Since 2022, Vyvgart has been in direct competition with AstraZeneca’s Ultomiris, a next-generation IV C5 complement inhibitor, as both agents exhibit strong efficacy profiles. While IV Ultomiris has a more convenient dosing regimen than IV Vyvgart (Ultomiris is administered every eight weeks while Vyvgart is administered once per week for four weeks and then based on the patient’s clinical response), Vyvgart exhibits a better safety profile, as Ultomiris comes with a boxed warning for serious meningococcal infections. The approval of a subcutaneous formulation of Vyvgart has the potential to significantly skyrocket the drug ahead of its competition by making the treatment more convenient for patients. However, Vyvgart may not always have this advantage. Ultomiris has been approved for subcutaneous use in paroxysmal nocturnal haemoglobinuria and atypical haemolytic uremic syndrome, therefore it can be expected that AstraZeneca will also seek approval in the MG indication.

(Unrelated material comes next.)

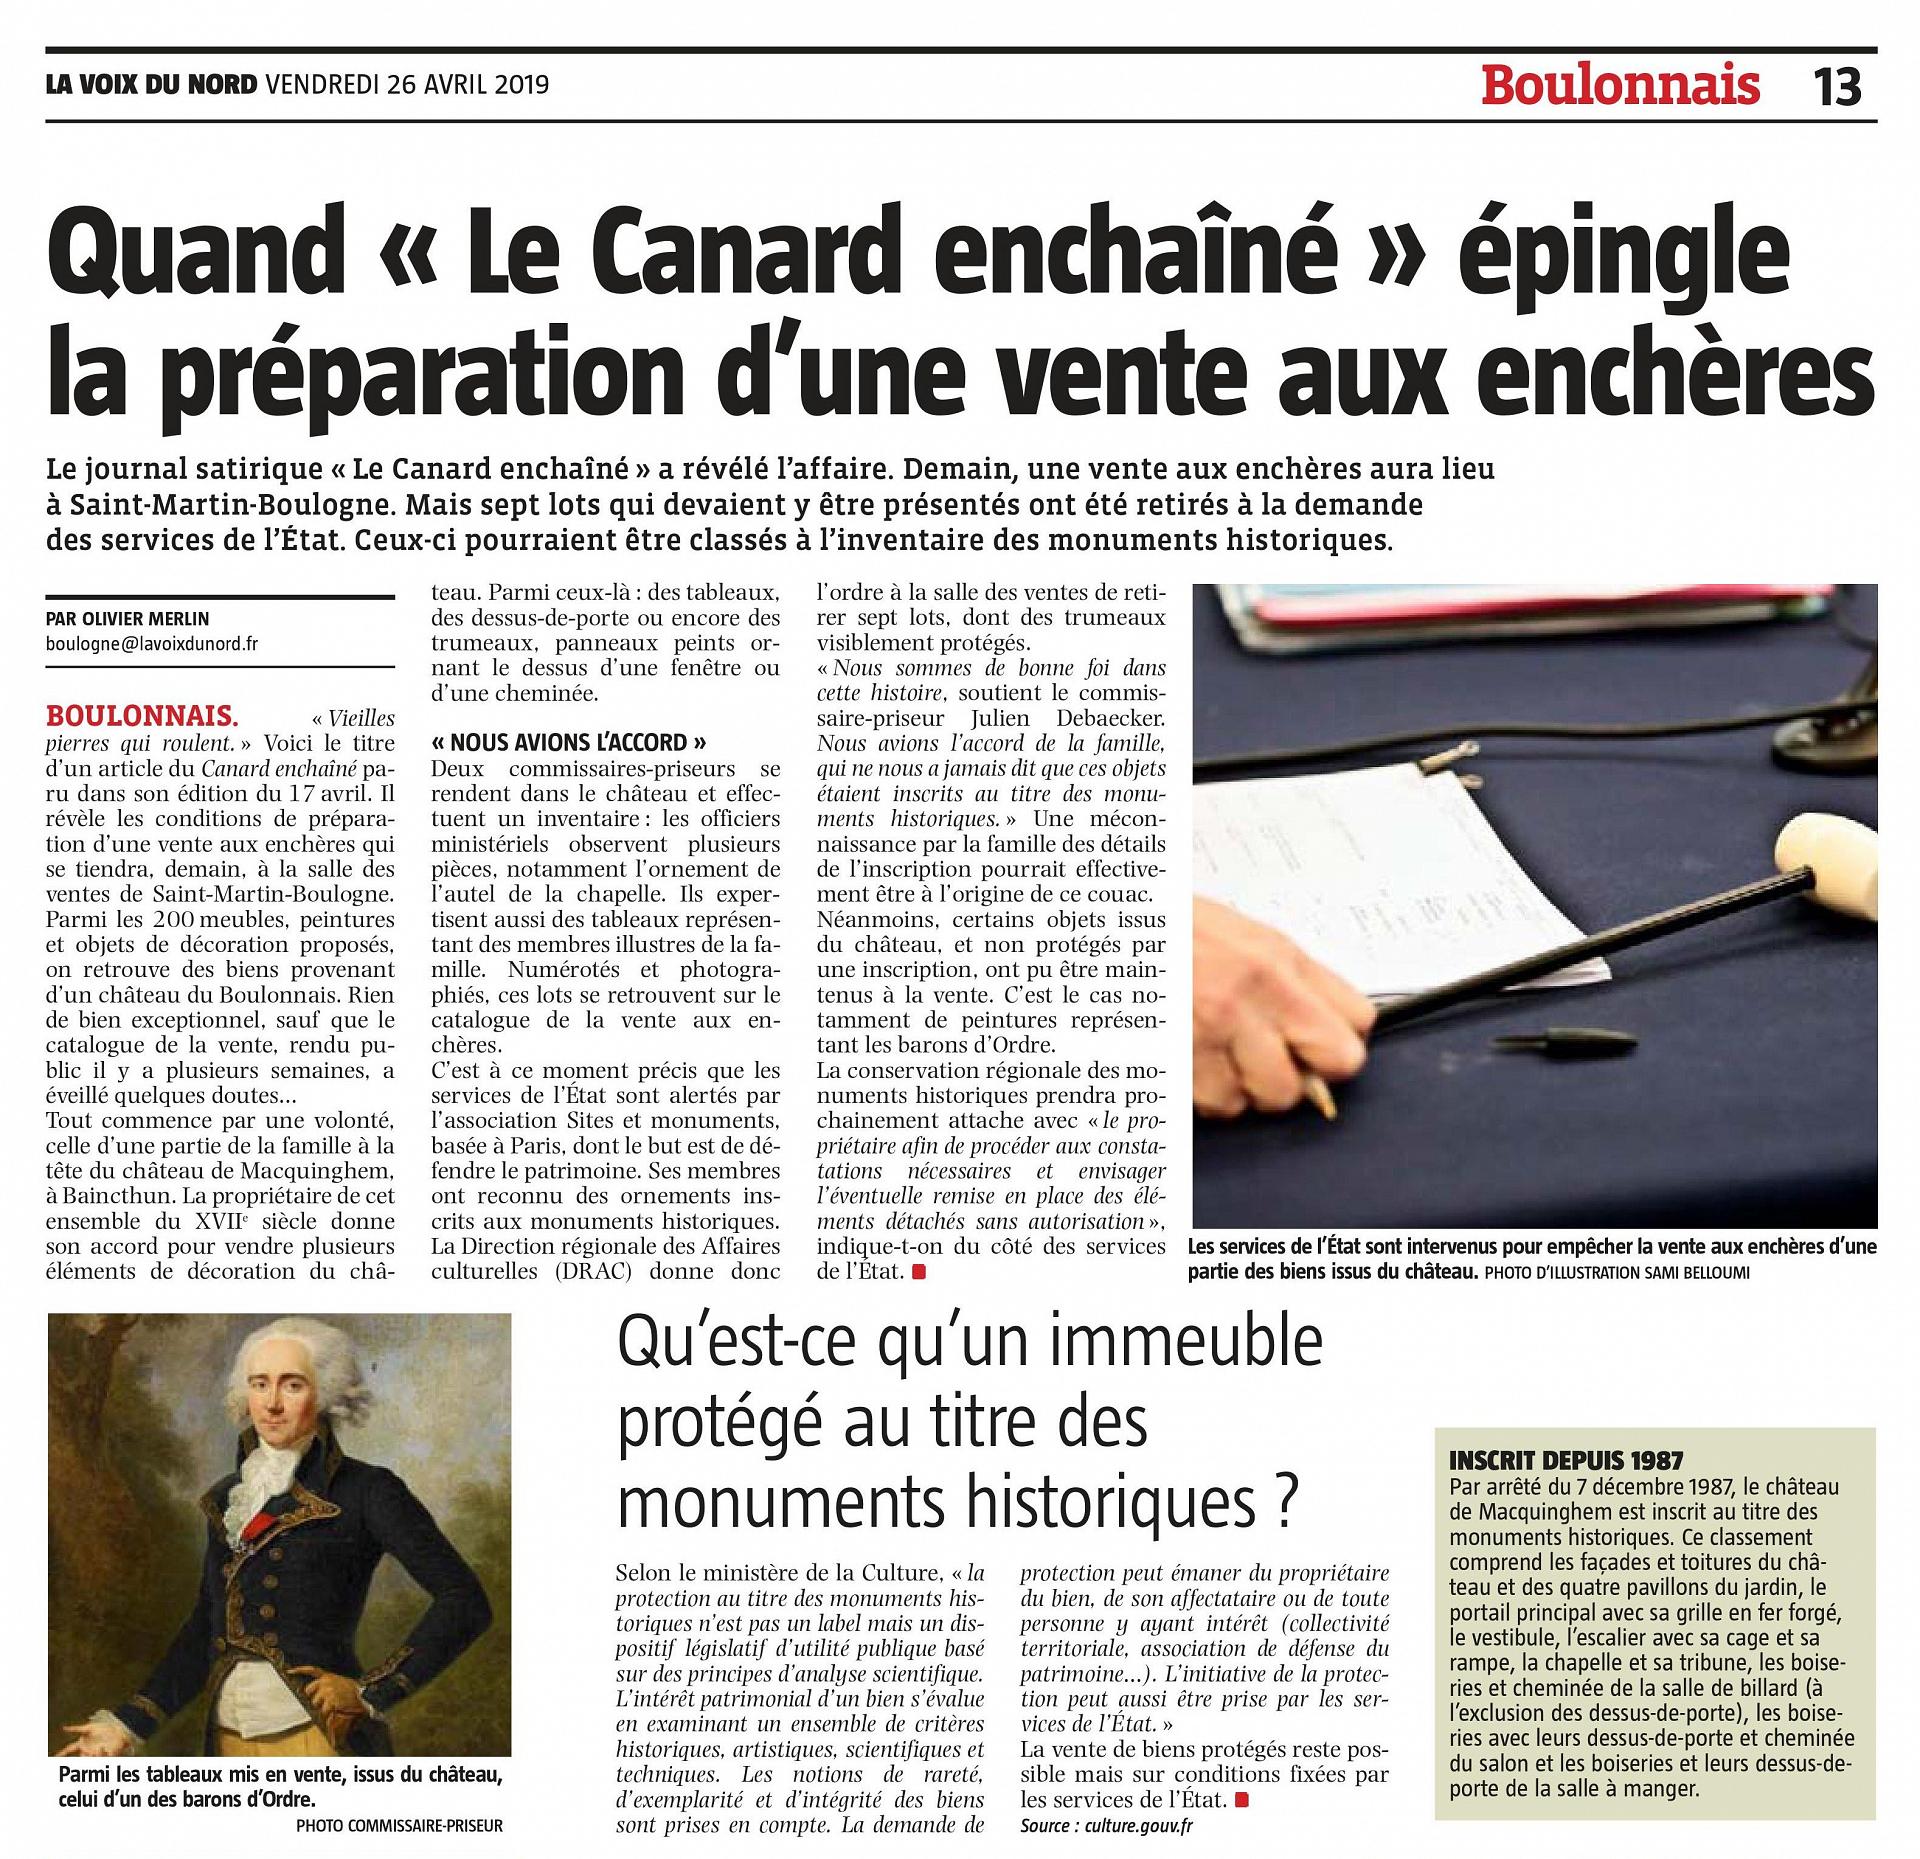 Vente château d'Ordre - La Voix du Nord n°23842 du 26 avril 2019, p. 13

Key opinion leaders (KOLs) previously interviewed by GlobalData expressed their discontent regarding the limited administration routes available for patients with MG; most of the agents administered to patients with refractory generalised MG are intravenous and need to be administered at rigorous time intervals. This can cause significant disruption to patients’ lives, as most of the agents approved for the treatment of MG require regular and frequent administration. The approval of Vyvgart Hytrulo is therefore a significant event for patients diagnosed with generalised MG, tackling a major unmet need in the disease space.

In regard to the pricing, Argenx indicated that Vyvgart Hytrulo will be in line with the pricing of IV Vyvgart, which is currently priced at around $225,000 per year on the US market. In comparison, Ultomiris is priced at around $458,000 per year. The lower price of Vyvgart in comparison to its competition is an advantage for Argenx, making it more likely that insurance providers will reimburse the cost. A decision on the marketing authorisation for the use of Vyvgart Hytrulo in the European market is expected by the end of 2023 and in Japan in Q1 2024.